E. F. : Je suis persuadé que les incitations, négatives ou positives, ont un impact sur le
comportement des entreprises. La difficulté, c’est lorsque les incitations ne sont pas alignées
avec ce que peuvent faire les sociétés d’un point de vue pragmatique. C’est un débat sans fin,
mais il faut l’avoir ! Le triptyque ONG – État – entreprises est, en ce sens, fondamental pour
avancer. En ce qui nous concerne, nous collaborons beaucoup avec le ministère de la
Transition écologique et solidaire. On se rend bien compte que le sujet ne peut pas être la
prérogative de l’État. Mais pour autant, le gouvernement a complètement sa part à jouer.
L’Europe a par exemple voté une directive radicale au niveau des plastiques à usage unique.
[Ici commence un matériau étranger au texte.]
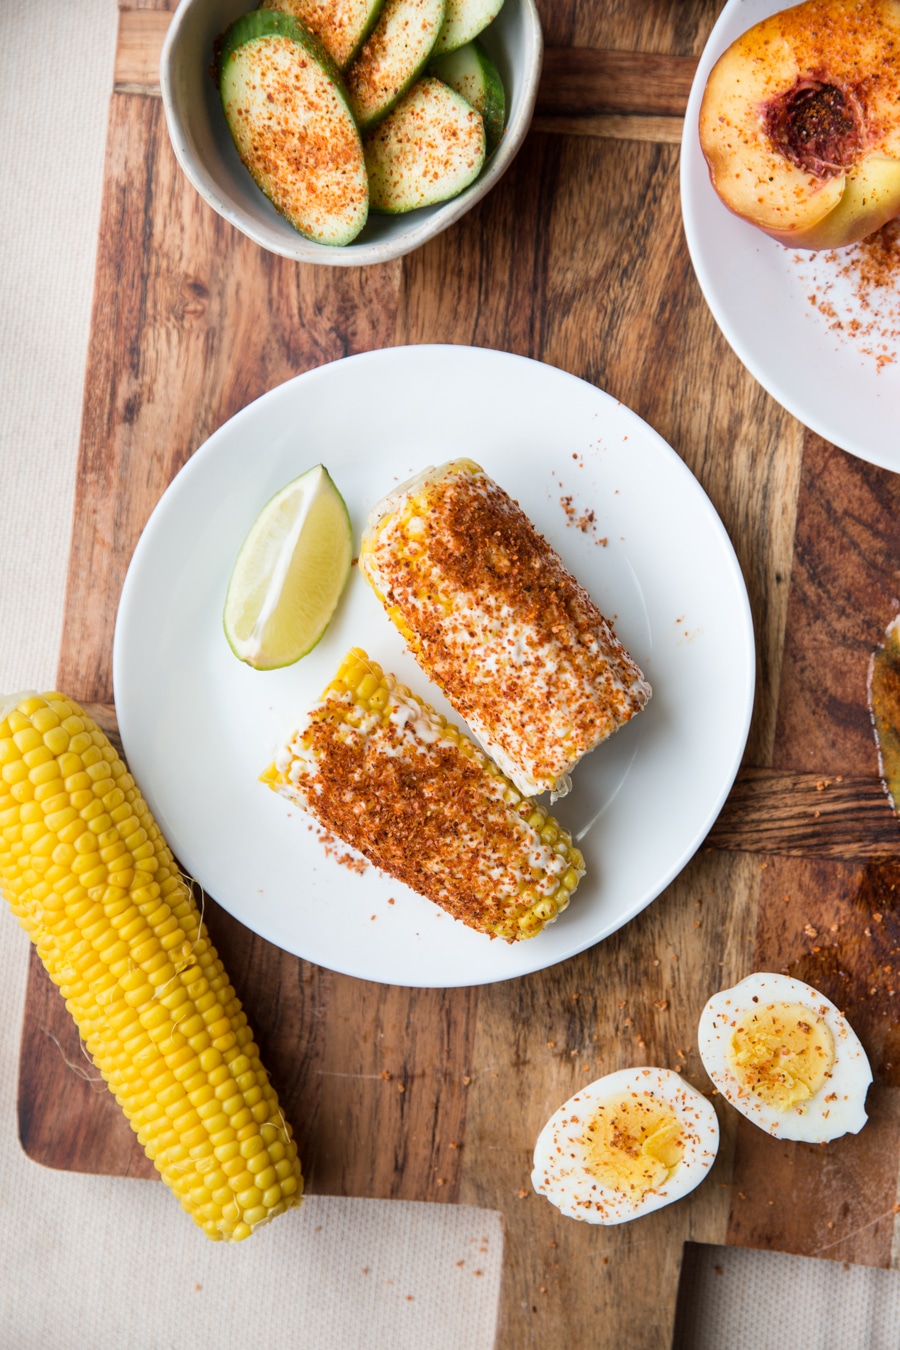 5 Ways to Use the New Trader Joe's Elote Seasoning - Cupcakes & Cashmere

C’est ensuite aux États membres de retranscrire cette directive dans leur législation, avec plus
ou moins d’options et de marges de manœuvre. Les collectivités locales ont aussi un rôle. À
Paris, seulement 10 à 15% des bouteilles en PET (un plastique qui se recycle à 100%,
ndlr) sont recyclées. Sur l’ensemble du territoire, on grimpe à 56%. Et dans certaines villes de
Bretagne, à 90%. Ça pose la question de la façon dont les citoyens s’organisent à l’échelle la
plus locale. Je suis persuadé que l’alimentation est, de toute façon, un sujet local. Il est urgent
de relocaliser. Et les institutions qui disposent d’une légitimité élective doivent absolument en
parler, prendre position et soutenir les solutions. En 2005, nous avons été les premiers à
utiliser des emballages en PLA (un polymère d’amidon, ndlr). Compostable et biodégradable,
il est facile de faire revenir ce polymère à l’état d’amidon. Nous avons développé cette
solution au Bangladesh, avec Grameen Bank (une banque spécialisée dans le micro-crédit,
ndlr). Pour moi, c’est sûr : ça fait partie des solutions du futur. Sauf qu’il n’existera jamais en
Europe… Les institutions ont décidé que les conditions n’étaient pas réunies pour pousser les
filières de biodégradabilité dans ce secteur. C’est très dommage.
À titre individuel, quelles actions concrètes menez-vous au quotidien ?
E. F. : Dans ma vie professionnelle, j’essaye toujours d’être là où les choses se créent, là où ça
transforme. Je considère qu’en tant que CEO, j’ai un devoir d’utopie et un droit au
pragmatisme. On ne changera pas le monde si les dirigeants d’aujourd’hui ne remplissent pas
ce devoir d’utopie. Mais il ne faut pas oublier qu’on dirige des entreprises, et qu’il est
indispensable d’être pragmatique. J’essaye d’en faire de même dans ma vie personnelle. Je
suis assez engagé sur les projets de nouveaux modèles agricoles, de coopératives paysannes
locales, d’alimentation différente. Je suis très marqué par la fragmentation du monde. À ce
titre, je soutiens plusieurs associations et projets qui cherchent à rassembler les gens, assurer
un dialogue qui a tendance à se perdre.